Analysis

Controversy over Grok’s images: Uncertainty surrounds intermediary liability

Can a platform that enables an AI system invoke the legal protections designed for neutral digital intermediaries?

On 2 January 2026, the Ministry of Electronics and Information Technology (MeitY) issued a notice to X (formerly Twitter), after the platform was flooded with explicit and non-consensual AI-generated images attributed to Grok—a generative AI chatbot developed by the platform. The notice was in response to mass public criticism. 

The notice stated that the platform failed to “observe statutory due diligence obligations” mandated under Information Technology Act, 2000, (IT Act) and the Information Technology (Intermediary Guidelines and Digital Media Ethics Code) Rules, 2021. MeitY demanded a report detailing corrective actions undertaken by X and stated that non-compliance would result in the platform losing its immunity guaranteed under Section 79 of the IT Act.  

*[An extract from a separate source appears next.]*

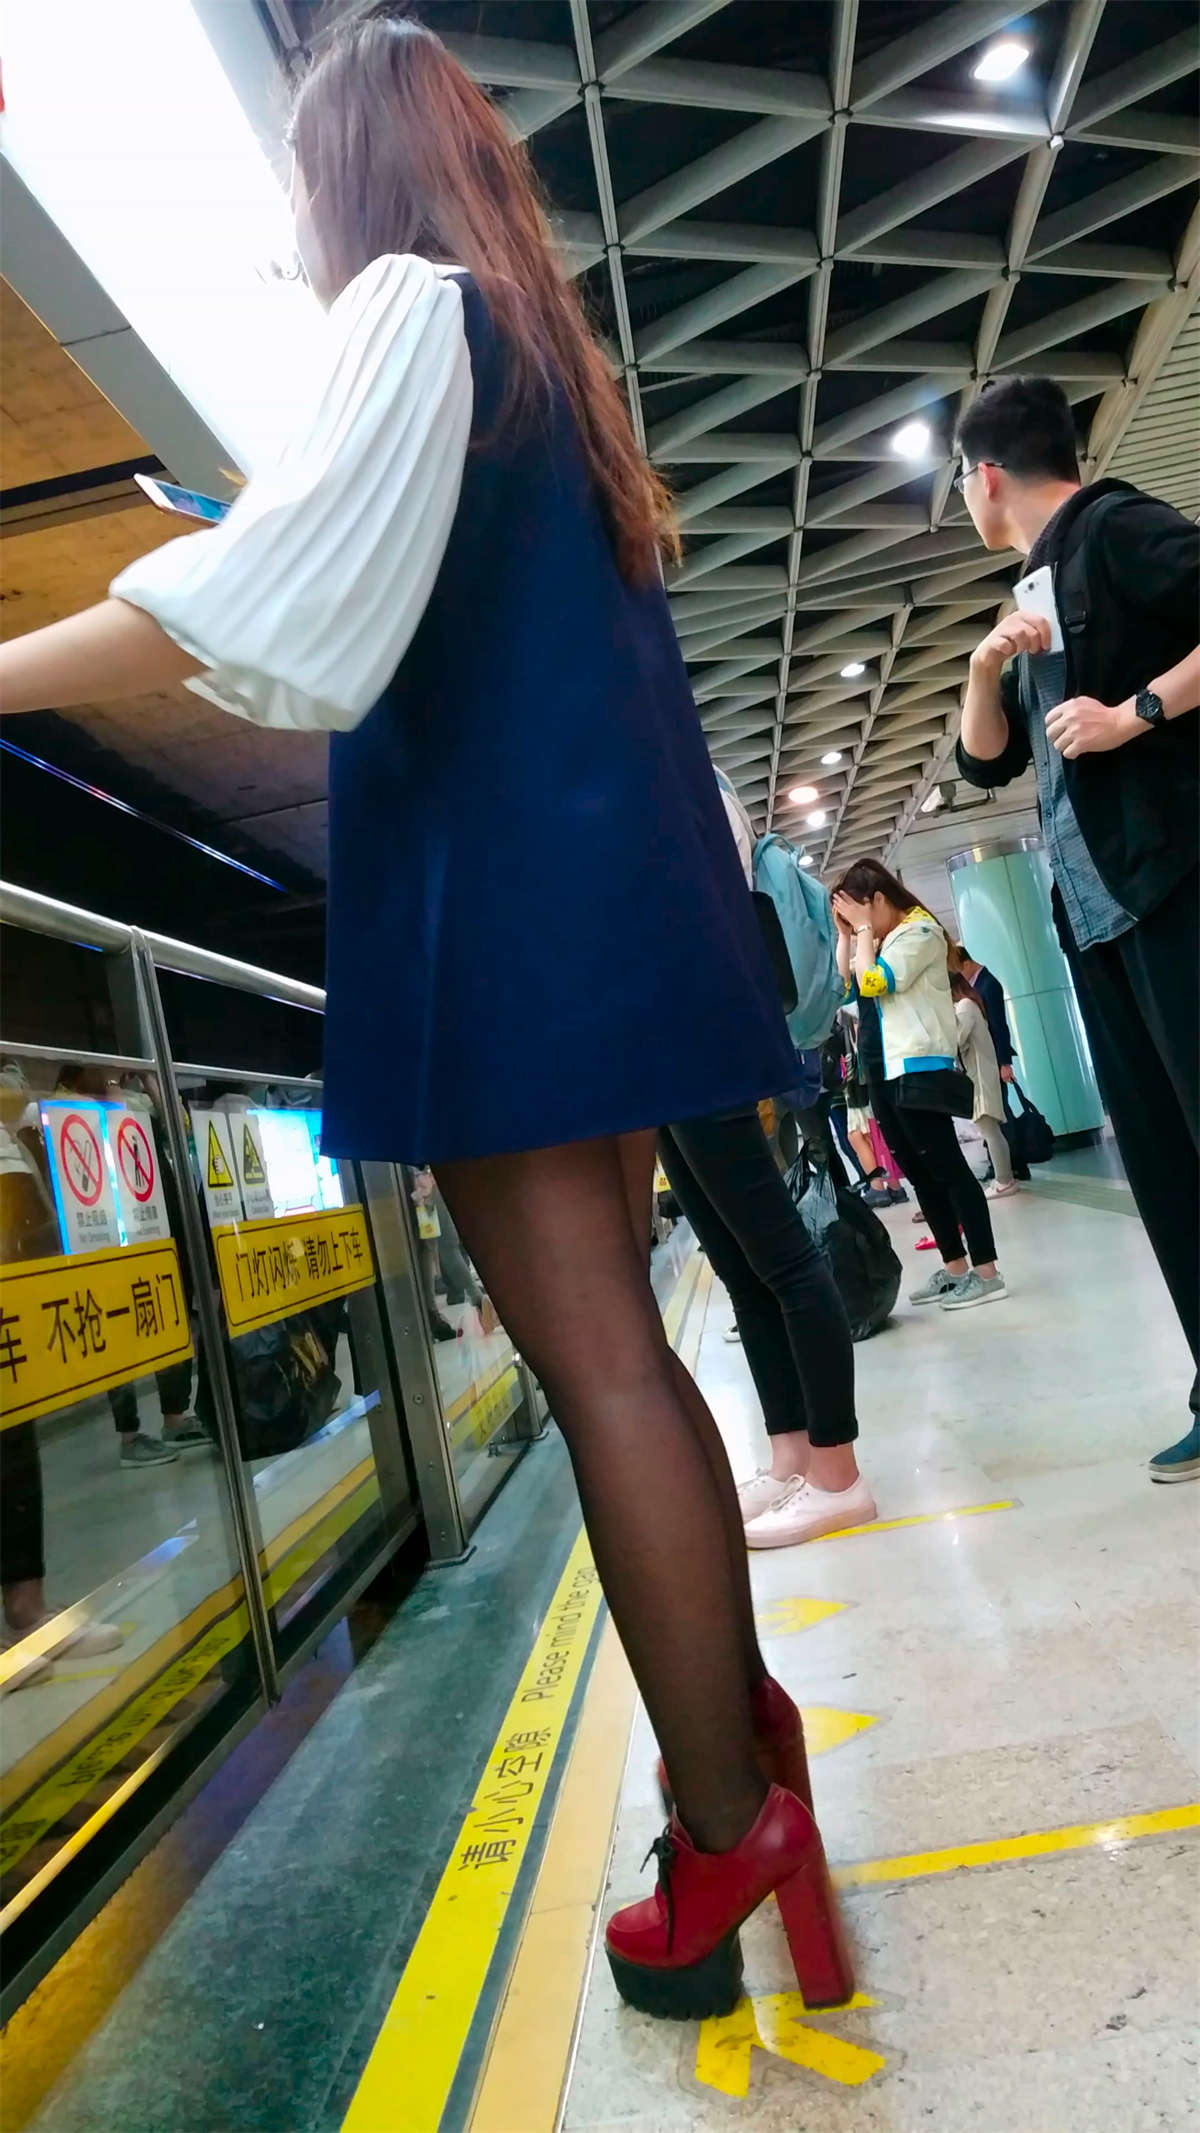 地铁上的极品短裤妹子-魅丝社-专注分享美女写真名站摄影图集

The episode has brought to the forefront important questions regarding platform responsibility, post-Shreya Singhal judgement of the Supreme Court. 

Grok’s response

X acknowledged its mistake and the deficiencies in its oversight. It outlined its moderation mechanisms and the immediate actions taken, including removal of content and suspension of accounts. This did not satisfy the IT ministry which described the platform’s reply as “inadequate”.

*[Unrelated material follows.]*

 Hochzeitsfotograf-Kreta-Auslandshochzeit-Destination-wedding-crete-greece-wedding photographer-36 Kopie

The ministry sought details on post-facto enforcement and clarity on preventive mechanisms, particularly those embedded in Grok’s architecture, data inputs and filtering mechanism. This development reflects a deeper regulatory concern: making platforms accountable while preventing them from making systems that generate unlawful output.  This also reflects a core legal issue: did the platform take reasonable care to prevent such misuse in the first place? While reactive moderation may signal cooperation, it does not solve questions about structural safeguards. 

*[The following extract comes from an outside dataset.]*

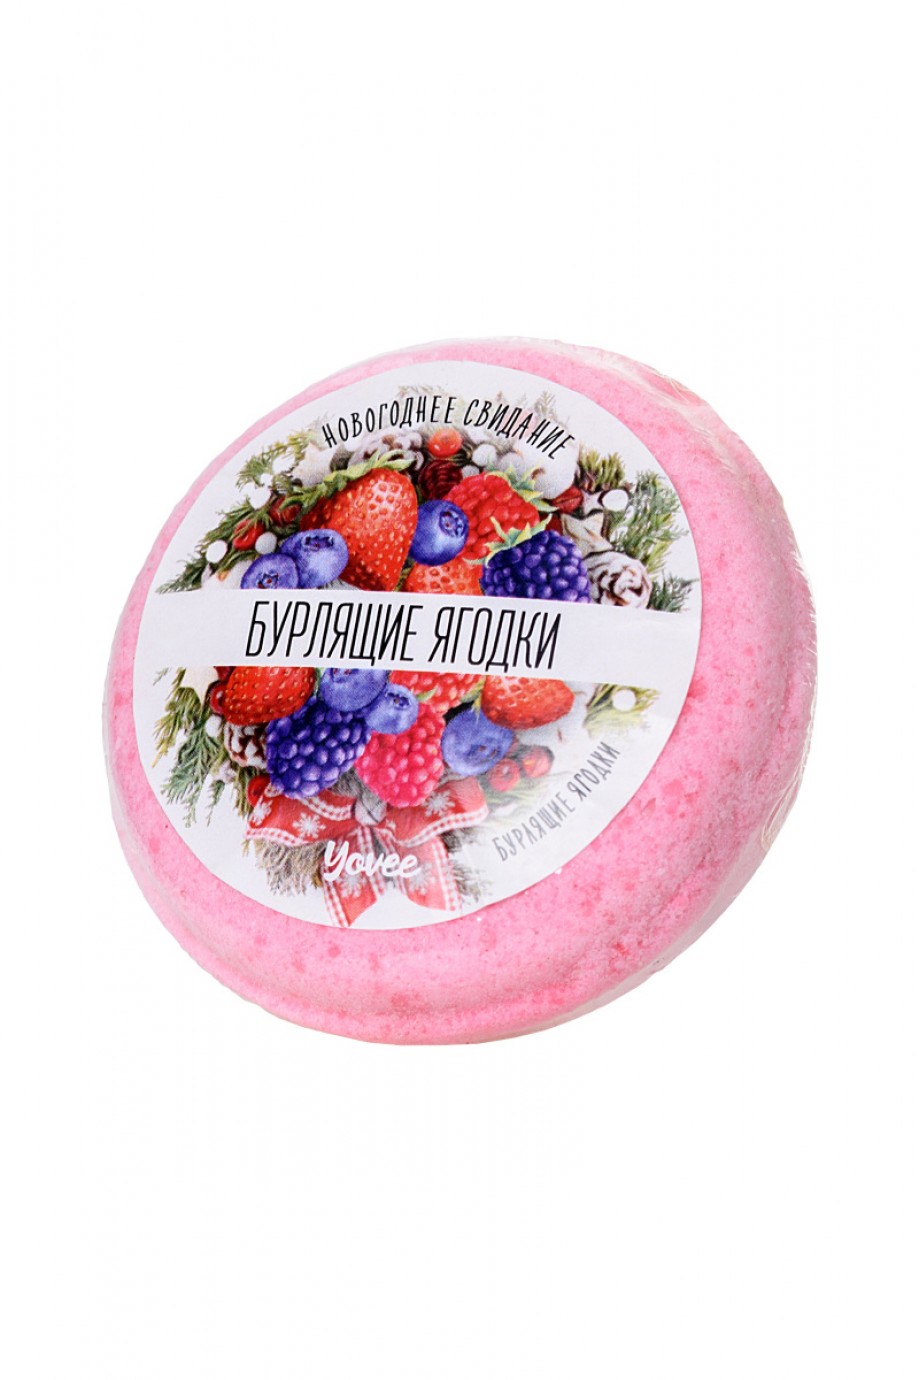 Бомбочка для ванны Yovee by Toyfa «Бурлящие ягодки», с ароматом сладких ягод, 70 г

Shrinking safe harbour protection? 

Section 79 of the IT Act provides a form of legal immunity to intermediaries for third-party content transmitted or hosted on their platforms. However, this protection is conditional as it presumes that intermediaries neither initiate, modify, nor select the recipients of such content i.e. the platforms are functionally passive. 

Judicial interpretation has reinforced this understanding. In MySpace Inc. v Super Cassettes Industries (2016) and Christian Louboutin SAS v Nakul Bajaj (2018), the Delhi High Court distinguished passive intermediaries from the proactive ones. . Immunity may be forfeited in the latter. 

Such a framework is challenged by generative AI systems. While users, in this case X users, may add prompts, the output is shaped by internal model configurations, training data and policy filters—each of which is controlled by the platform.

The government’s request for technical details about Grok’s internal mechanisms indicates a regulatory shift. In Indian intermediary law, the standard is not merely about intent; it is about responsibility.

This regulatory strategy appears to favour administrative oversight over judicial escalation. It also helps the regulators retain flexibility, considering the legal ambiguity surrounding AI-generated content. A judicial intervention would result in a precedent that would be applicable to not just Grok but other generative AI tools. 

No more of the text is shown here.